__INFORMATION SHOWN__
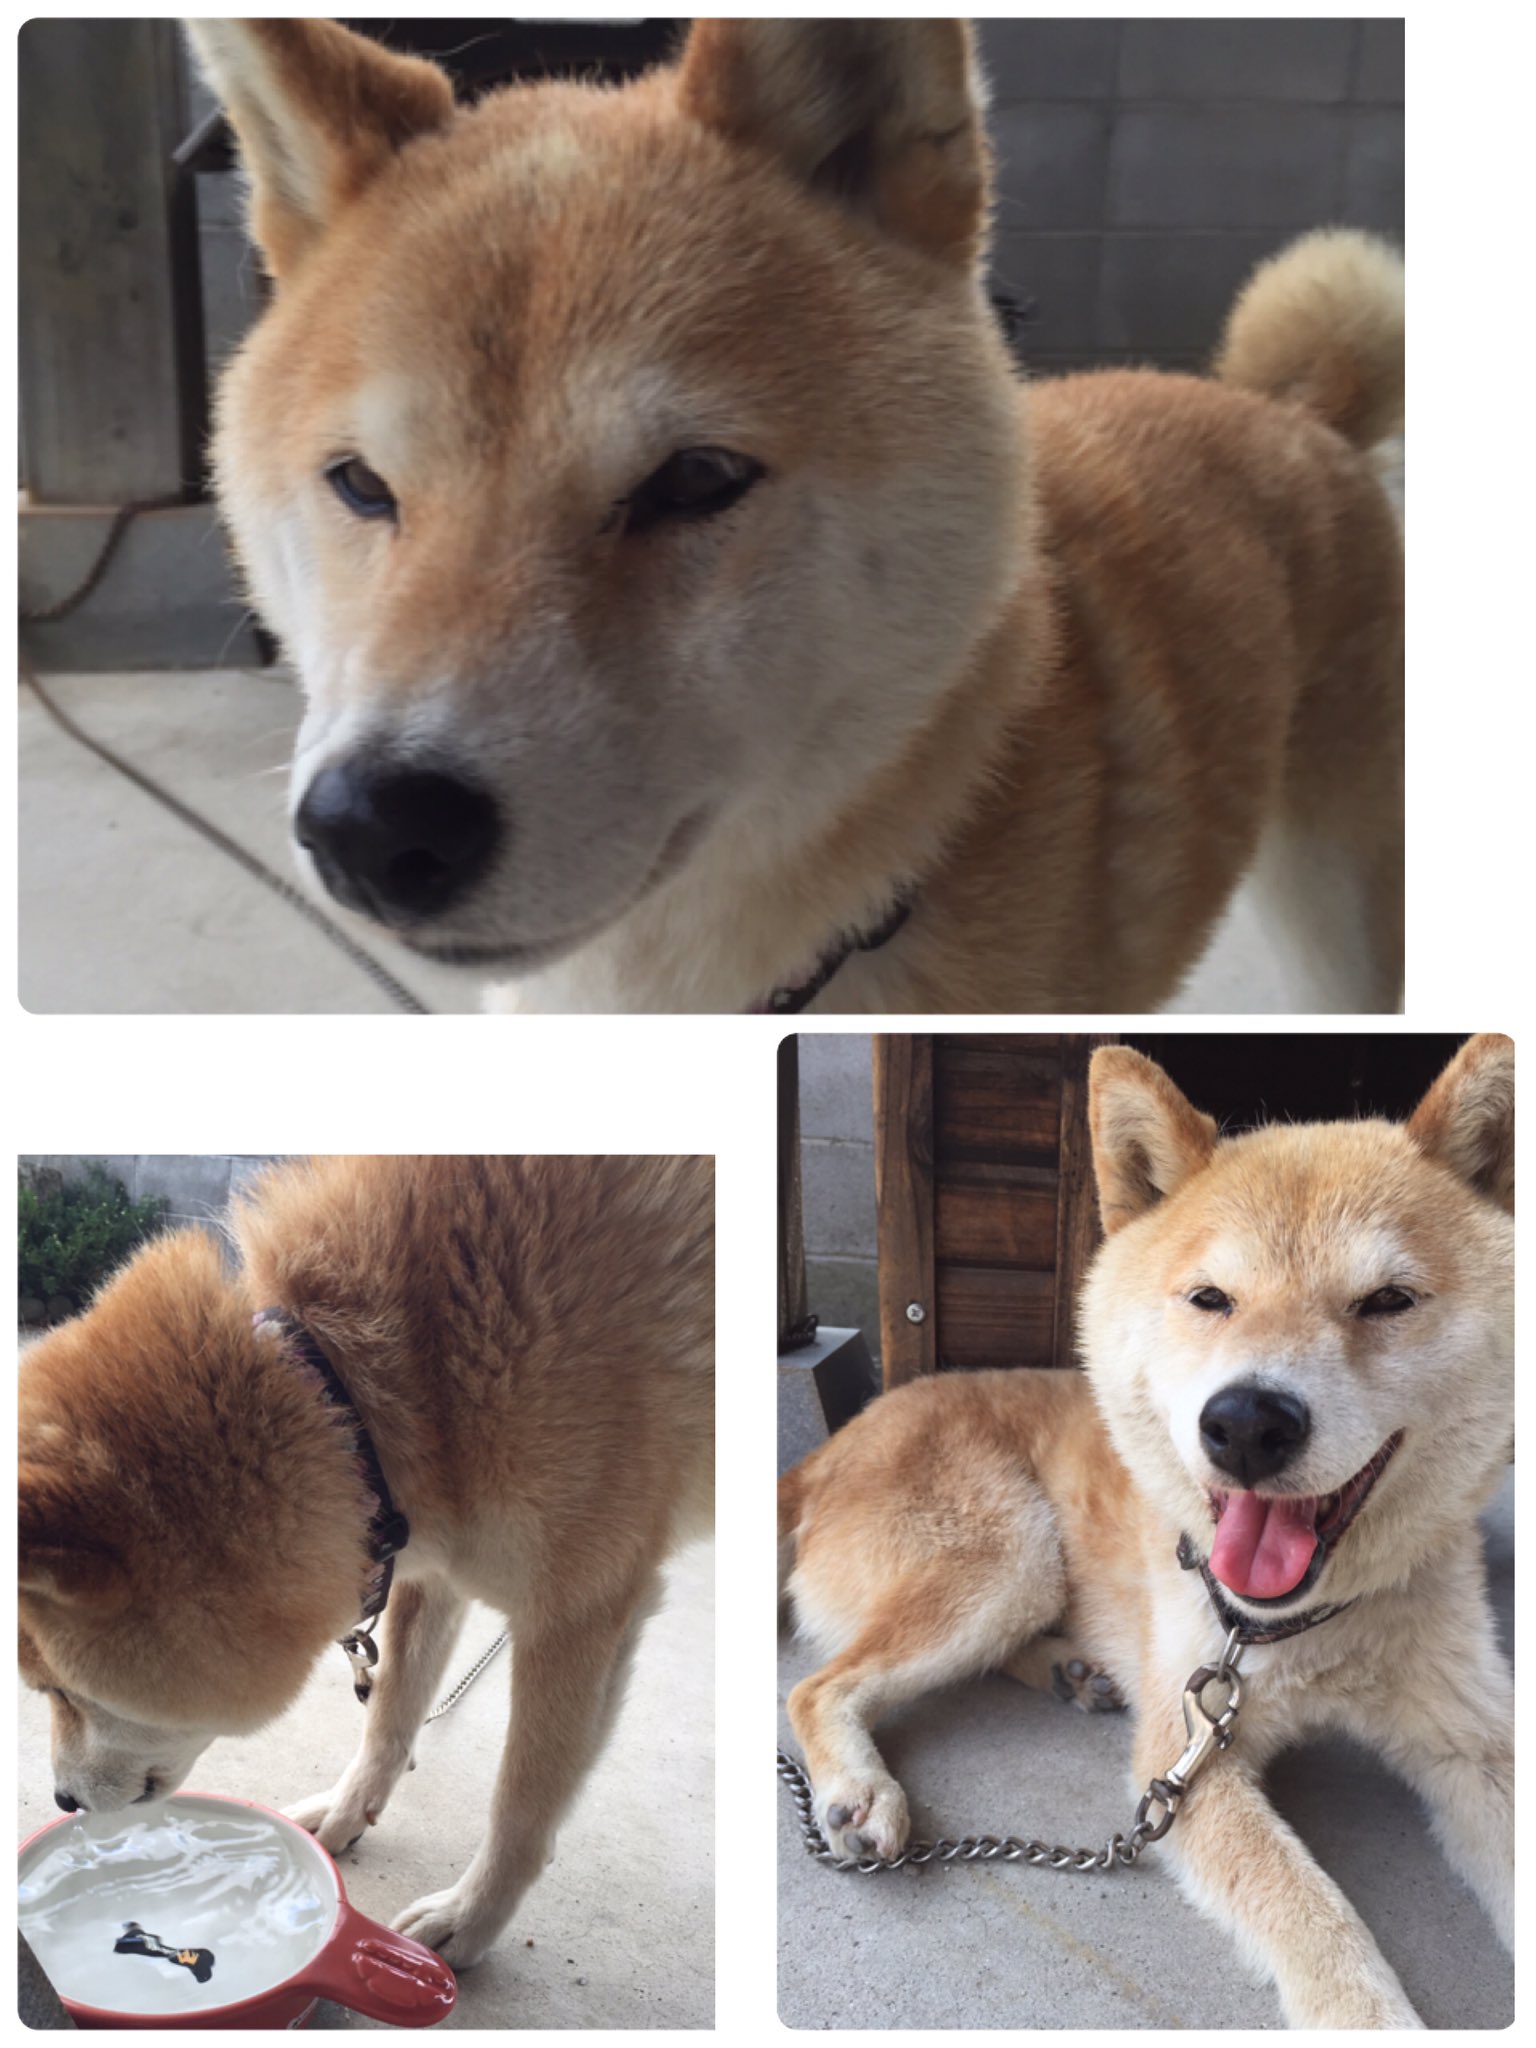 Shomama 探しています 香川県高松市で居なくなりました 12歳のメスの柴犬です 少し臆病な子ですが噛み付いたりはしないです ハイビスカス柄の首輪をつけています どんな情報でも構いませんので ご存知の方よろしくお願い致します Maigo Dog
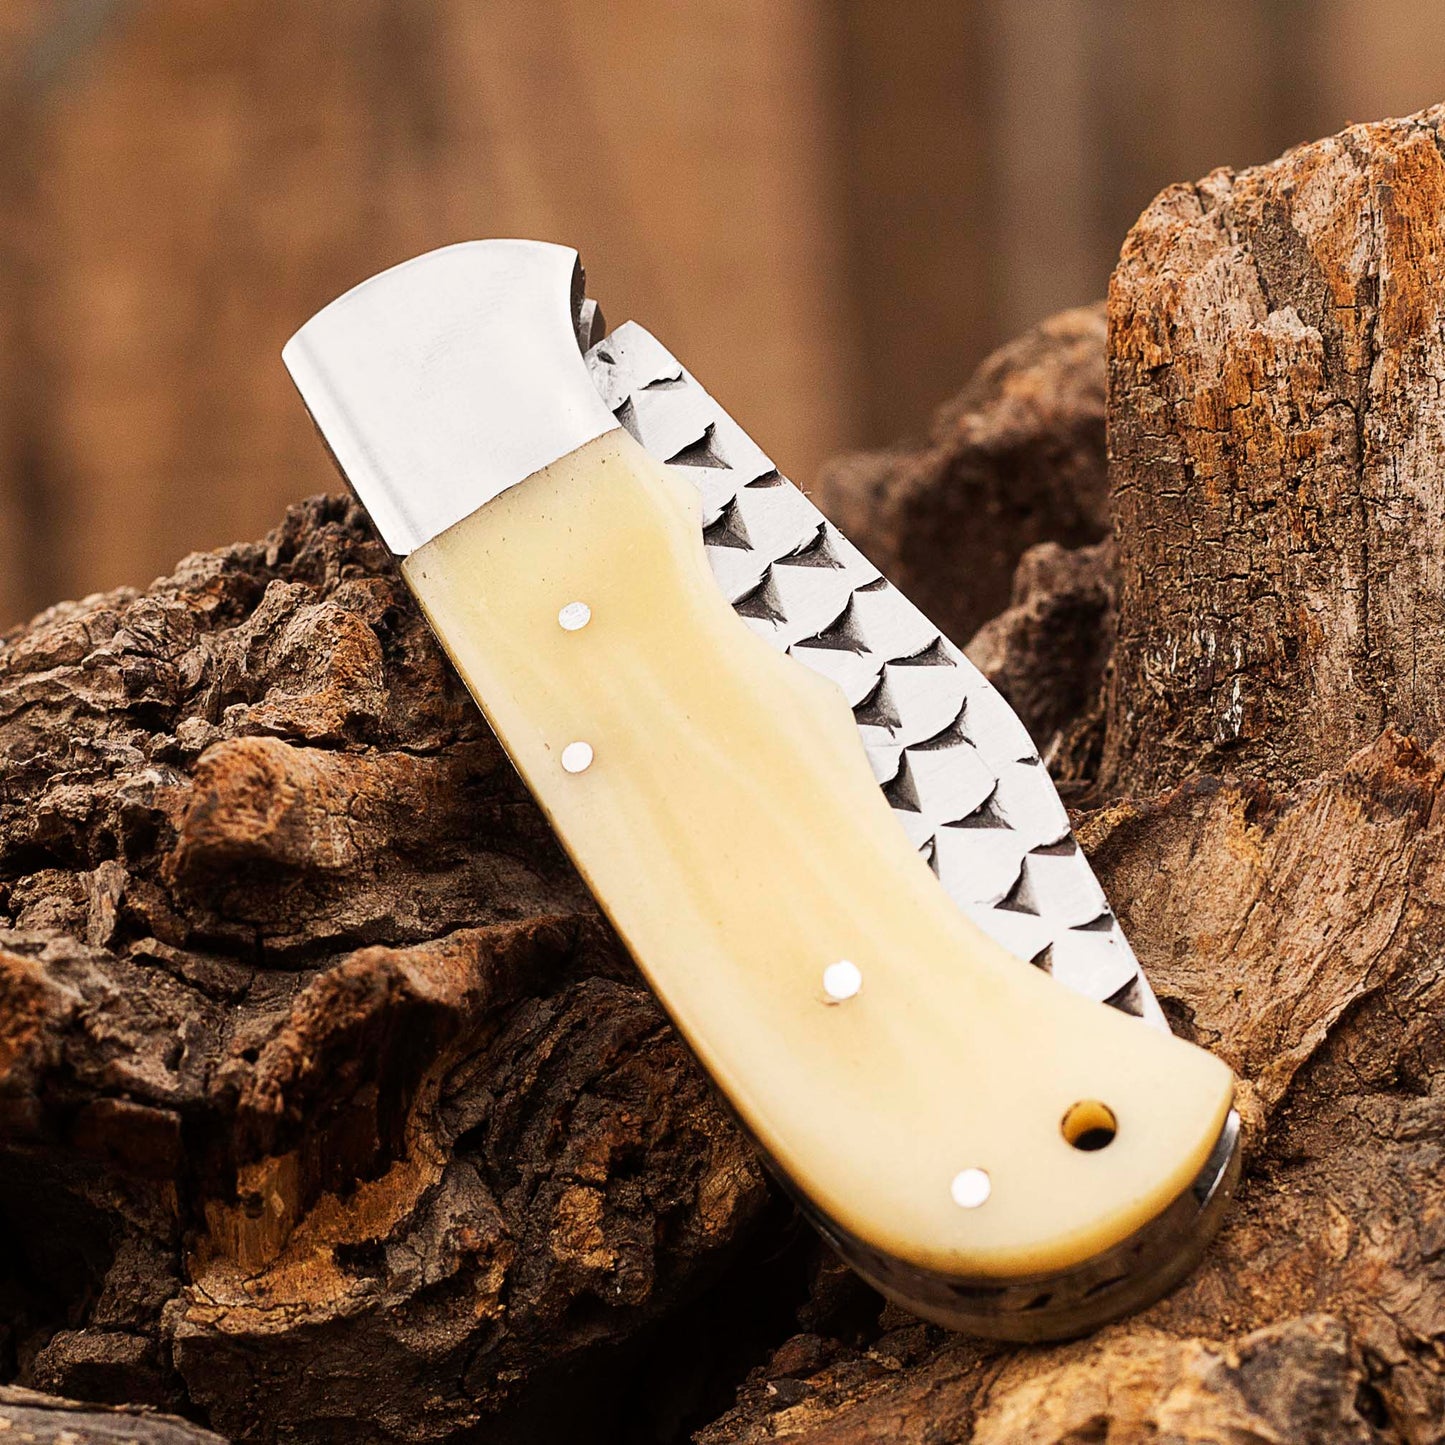 Custom Handmade 1095 Stainless Steel Pocket Most Beautiful Folding Knife Camel Bone Handle, Pocket Outdoor Liner-Lock Knife, Leather Sheath
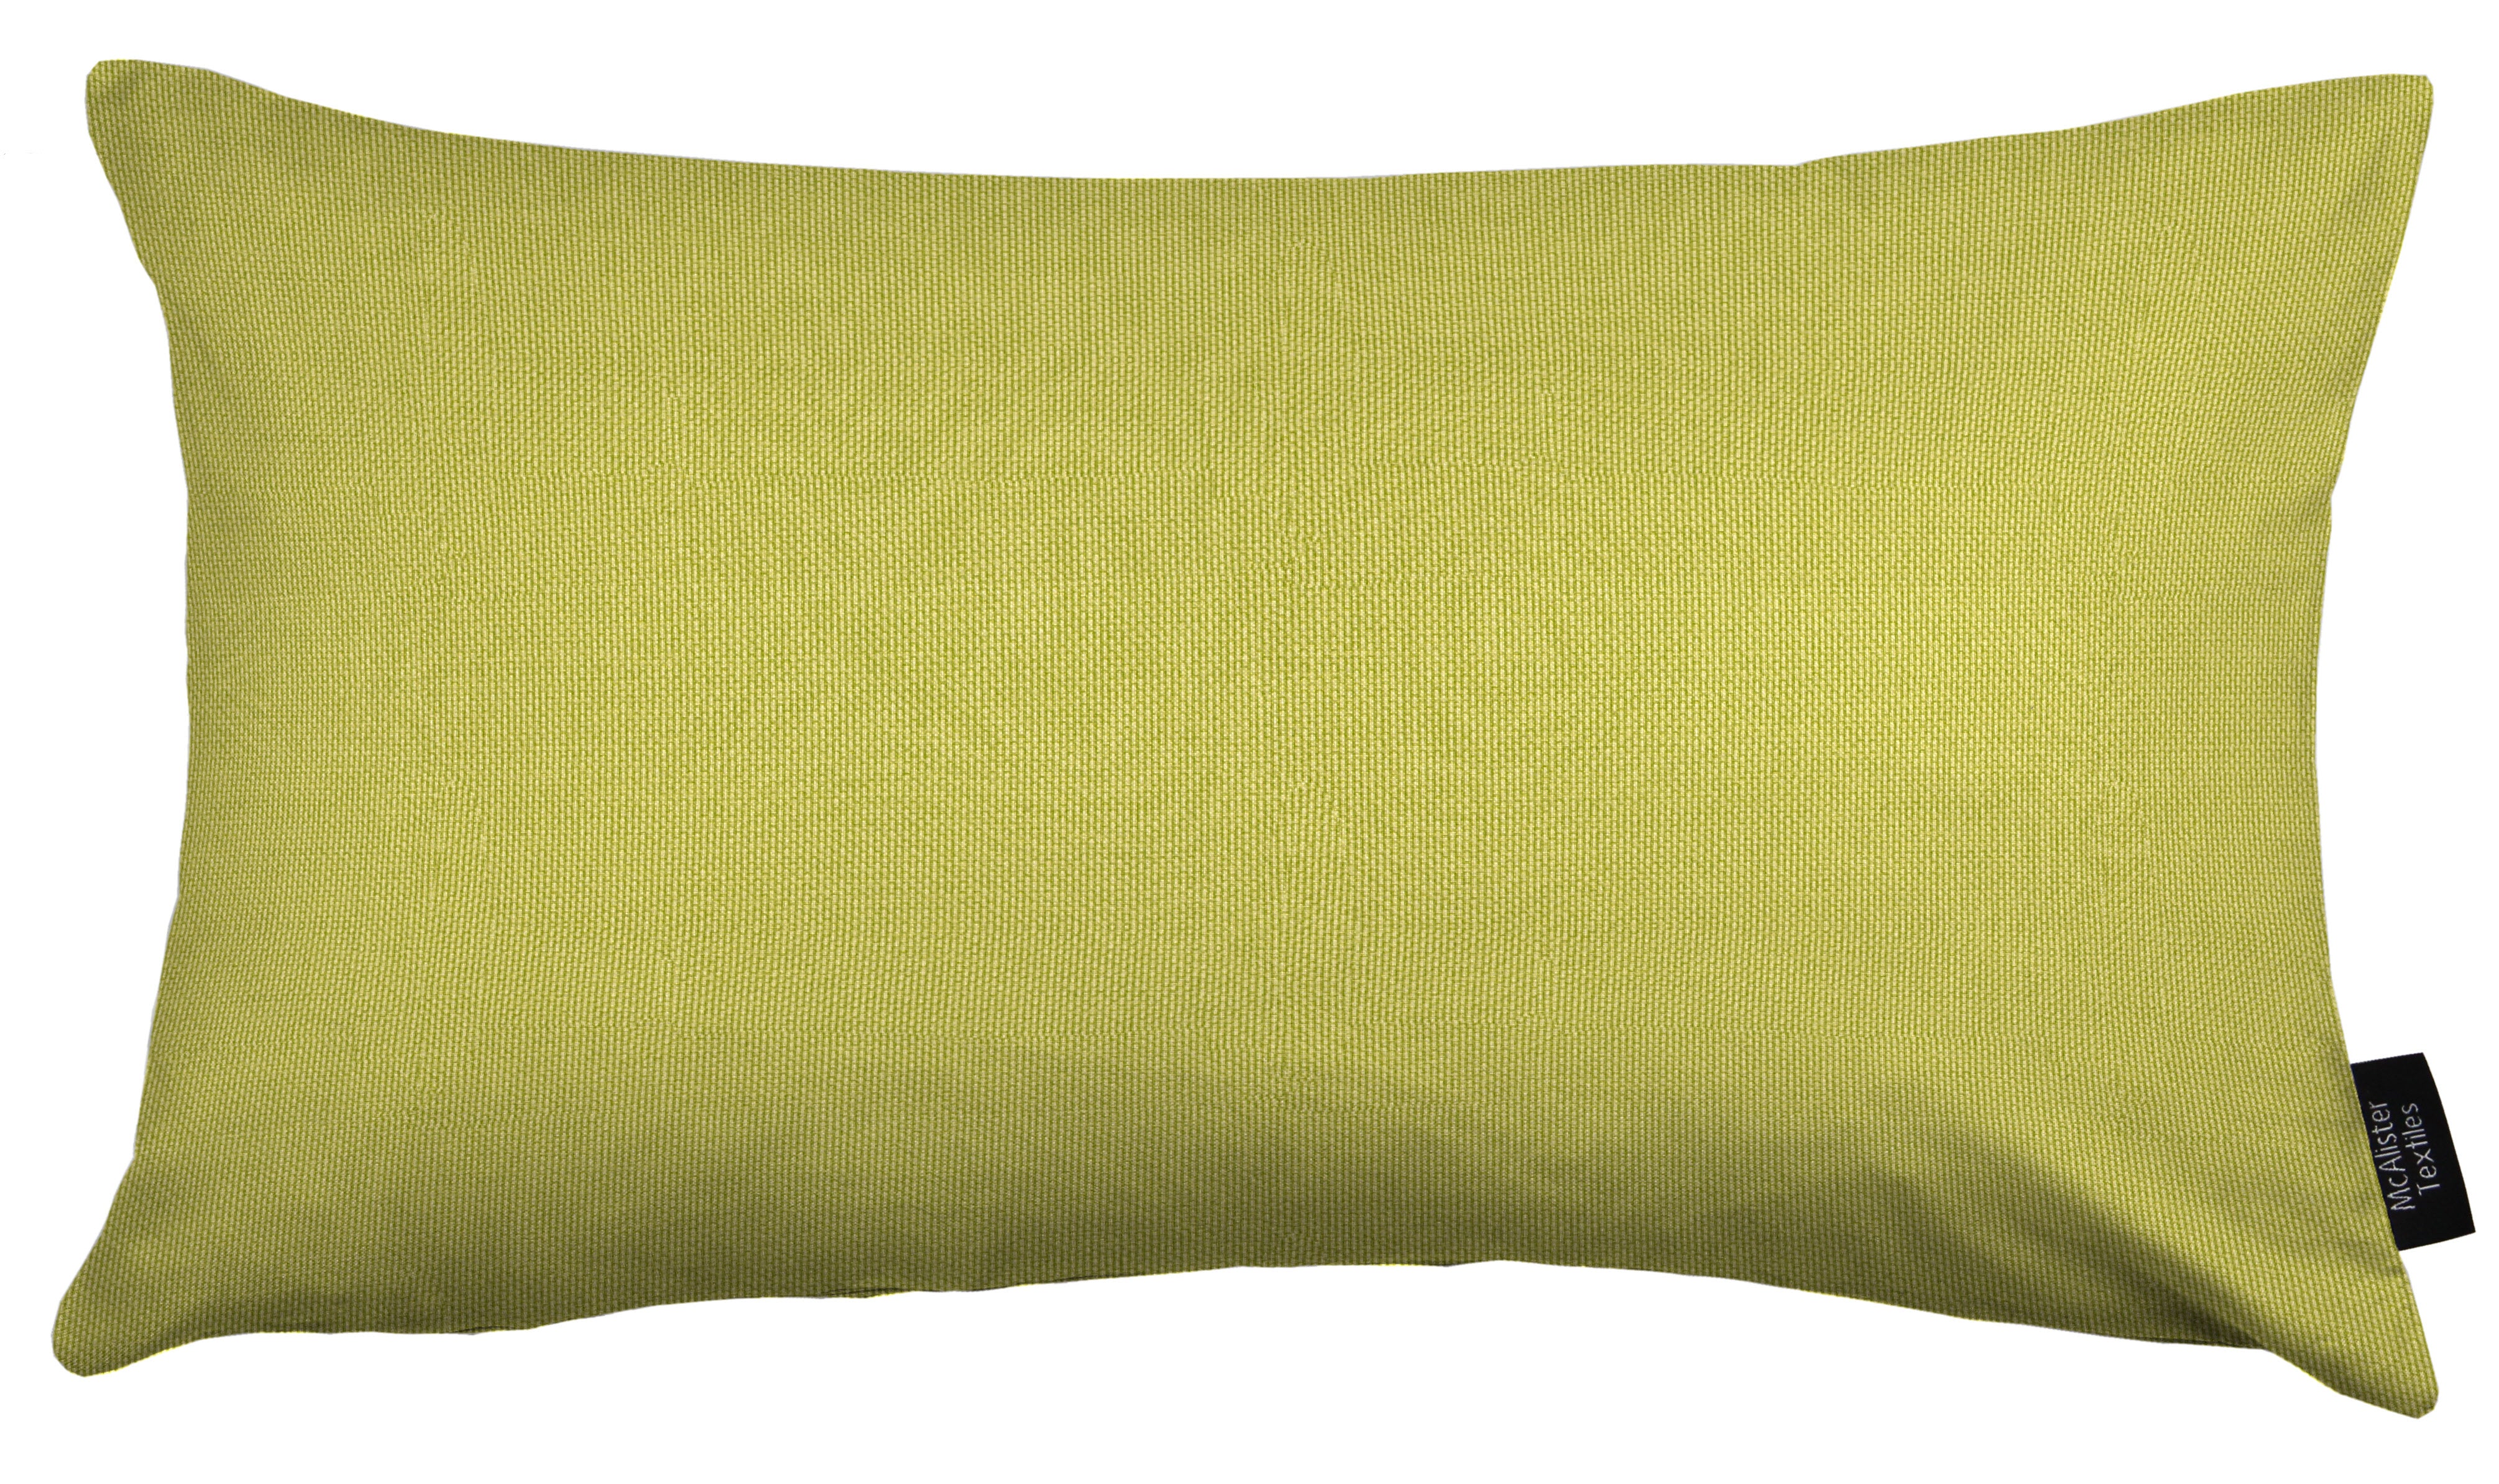 McAlister Textiles Sorrento Sage Green Outdoor Pillows Pillow Cover Only 50cm x 30cm

__TASK TO COMPLETE__
If the data includes images, skip them and copy every line exactly.

__ANSWER BOX__
 Shomama 探しています 香川県高松市で居なくなりました 12歳のメスの柴犬です 少し臆病な子ですが噛み付いたりはしないです ハイビスカス柄の首輪をつけています どんな情報でも構いませんので ご存知の方よろしくお願い致します Maigo Dog
 Custom Handmade 1095 Stainless Steel Pocket Most Beautiful Folding Knife Camel Bone Handle, Pocket Outdoor Liner-Lock Knife, Leather Sheath
 McAlister Textiles Sorrento Sage Green Outdoor Pillows Pillow Cover Only 50cm x 30cm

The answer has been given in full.